(Available data Opens)

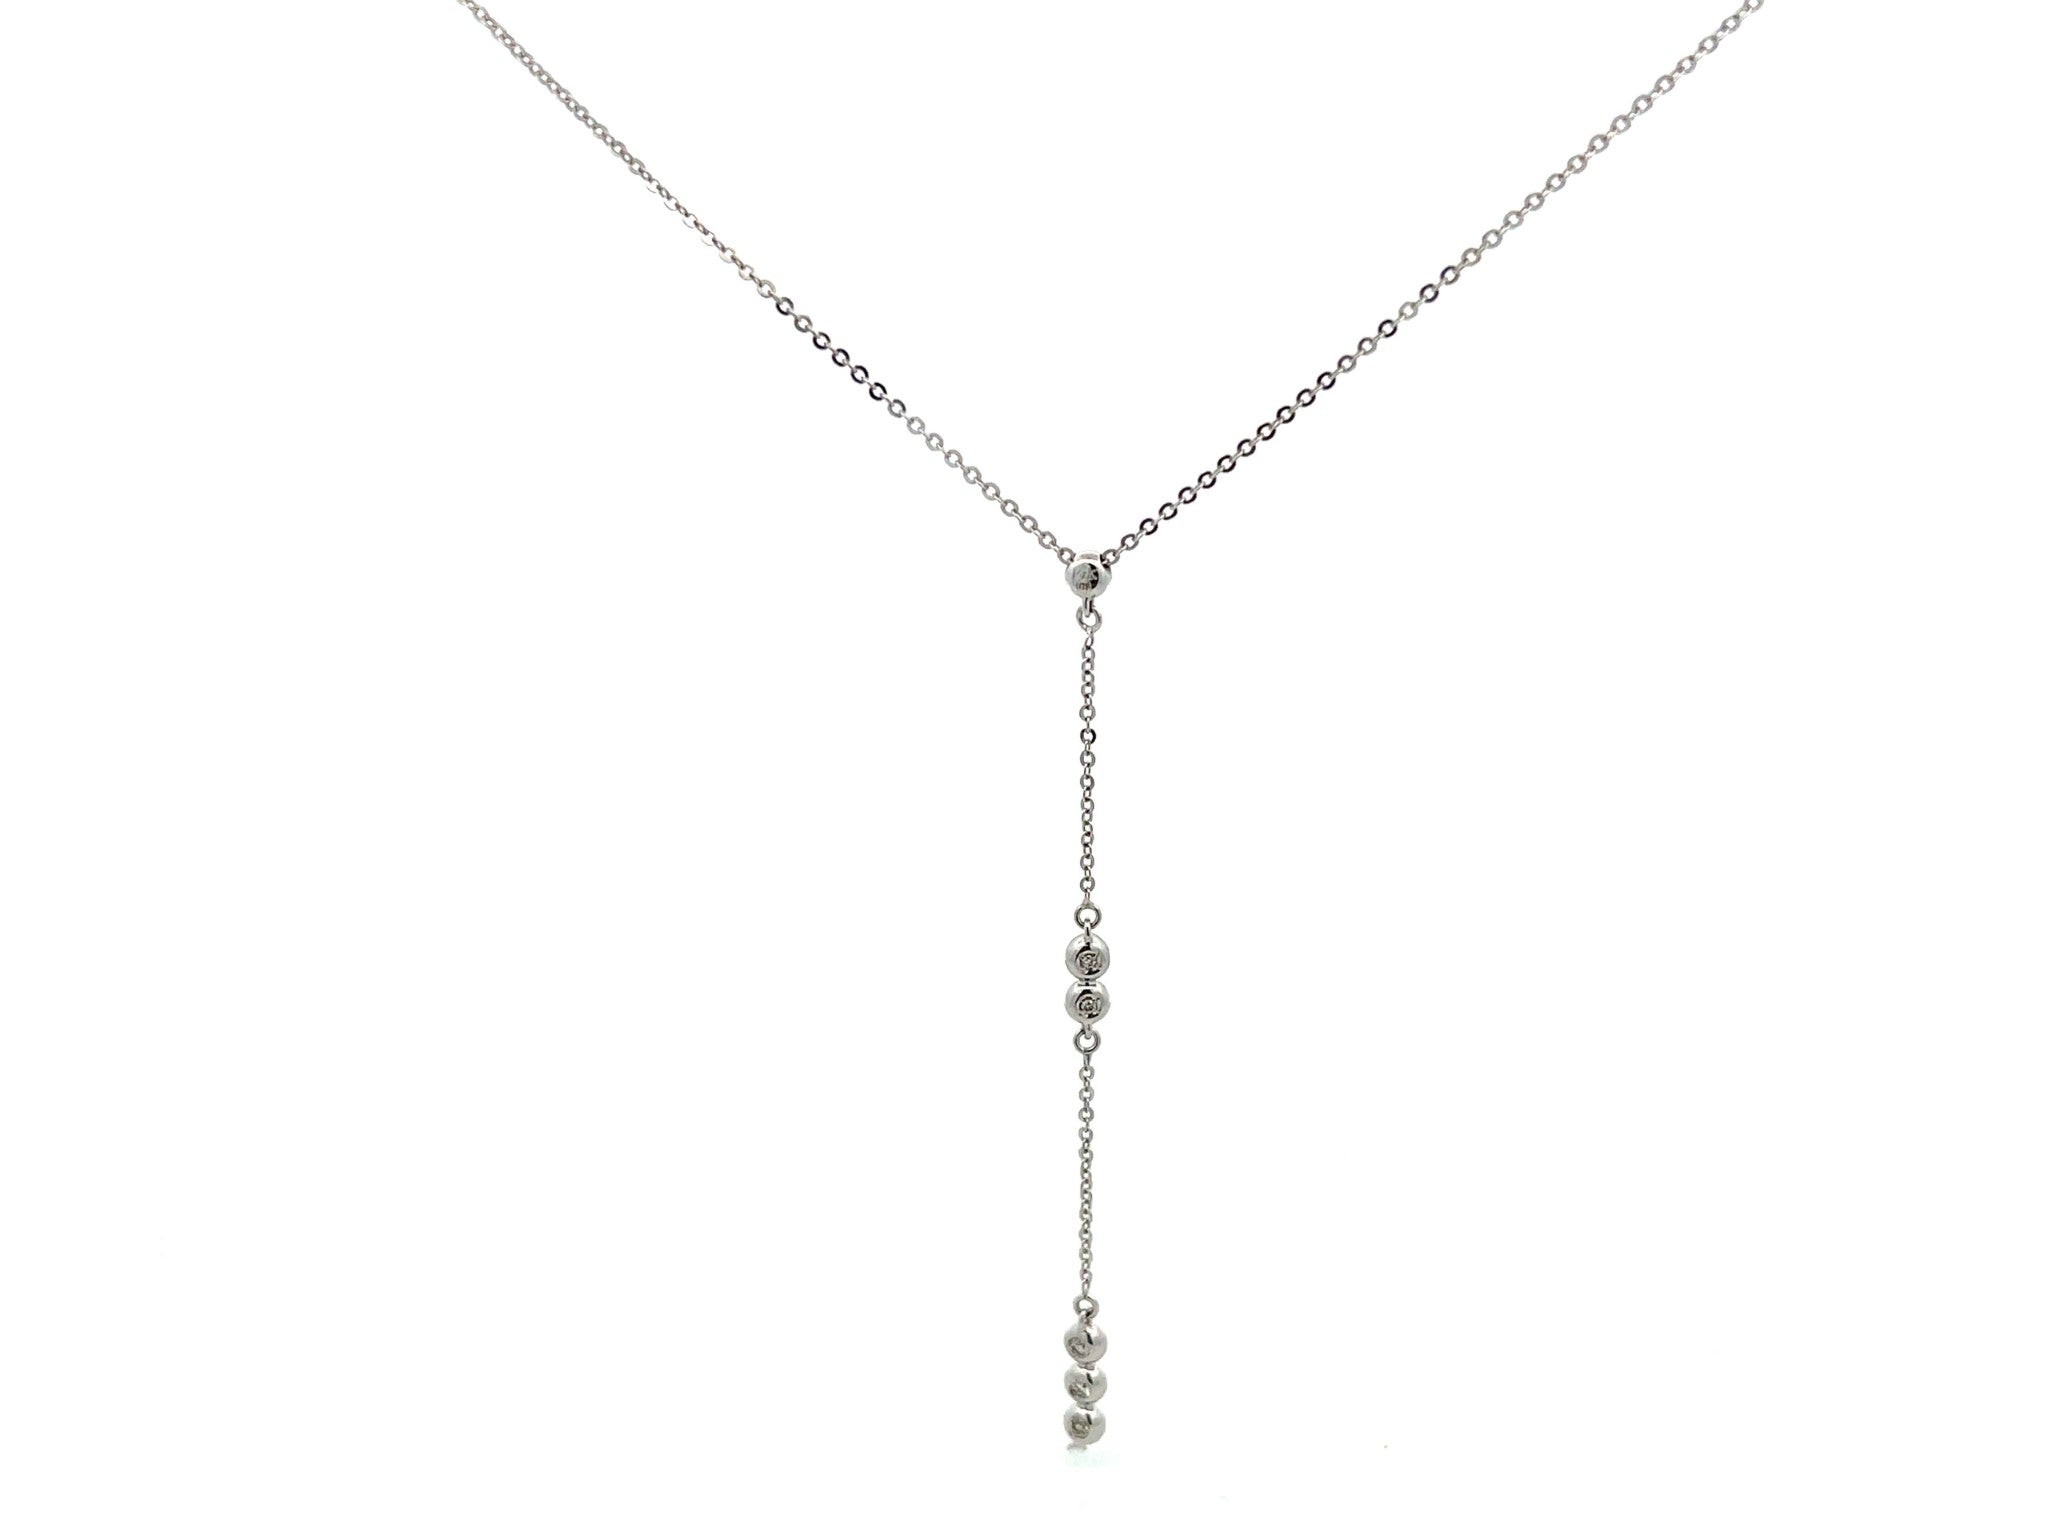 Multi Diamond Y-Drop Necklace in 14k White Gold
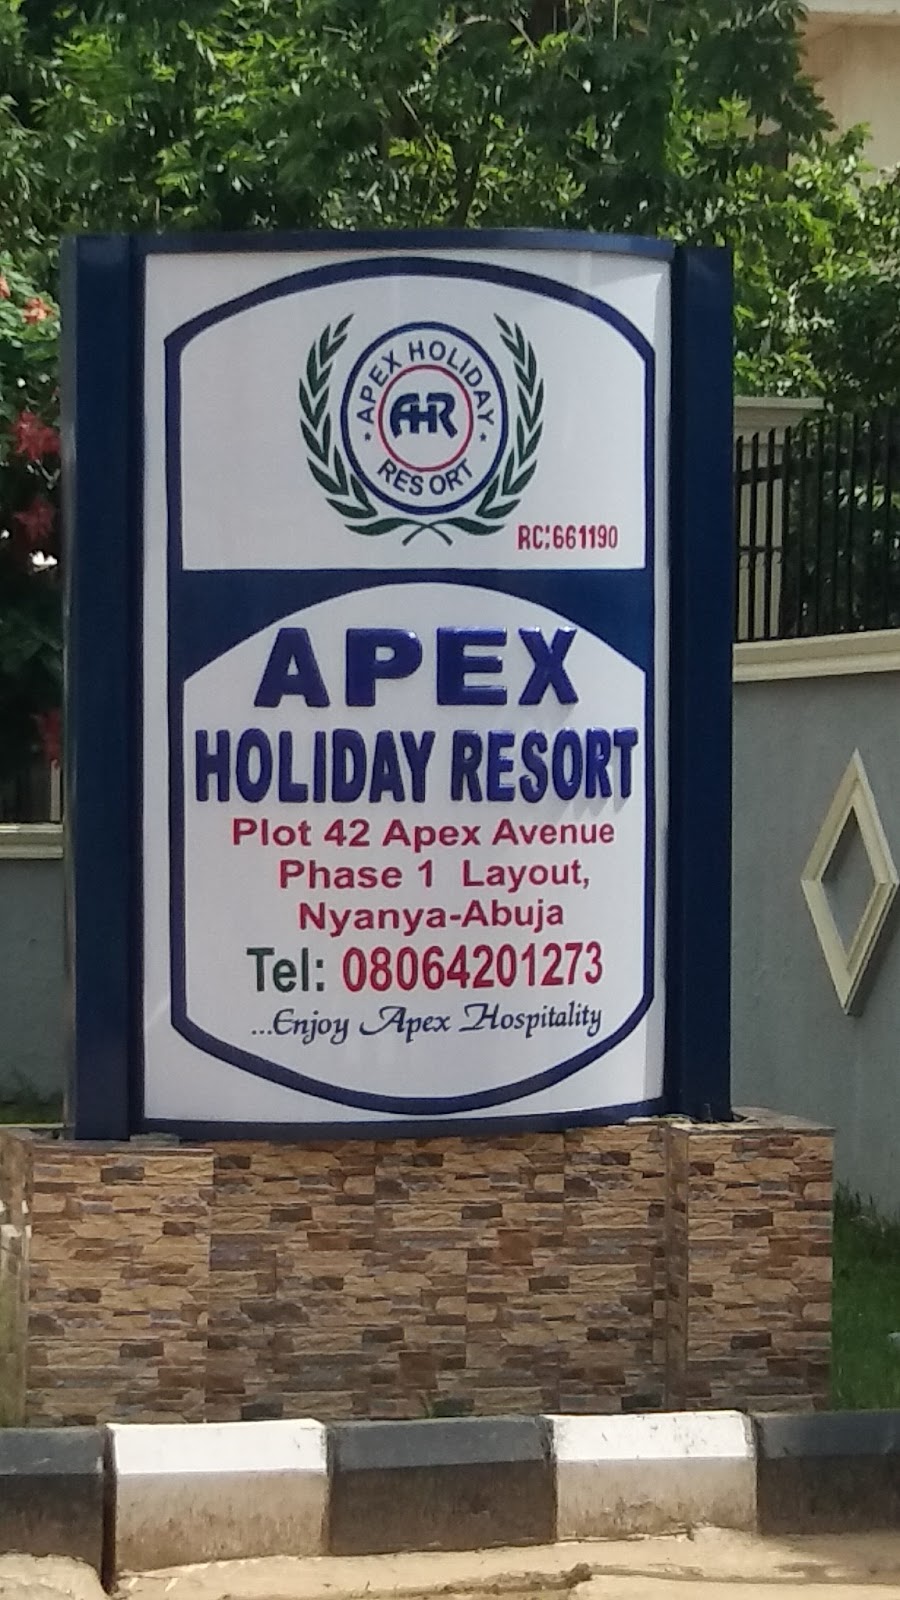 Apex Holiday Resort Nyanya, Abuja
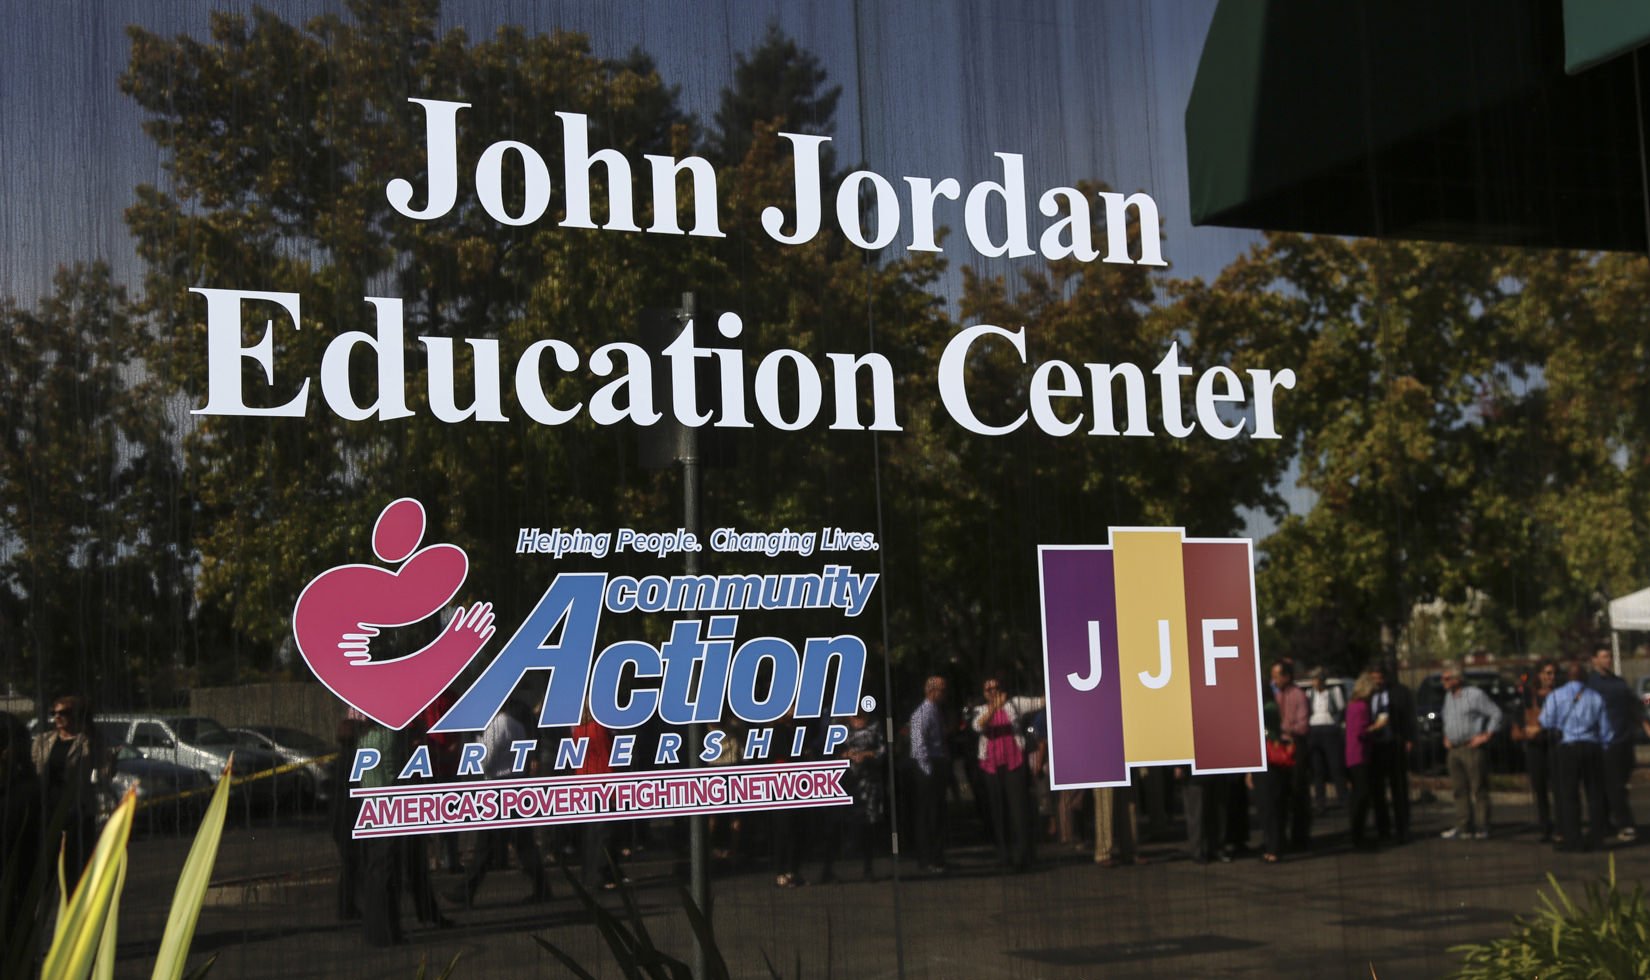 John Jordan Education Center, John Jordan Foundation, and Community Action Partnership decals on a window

(Available data Closes)

> _Required work_: An exact copy of every line above, minus the pictures, is the required output.

> _Task response_:
 Multi Diamond Y-Drop Necklace in 14k White Gold
 Apex Holiday Resort Nyanya, Abuja
 John Jordan Education Center, John Jordan Foundation, and Community Action Partnership decals on a window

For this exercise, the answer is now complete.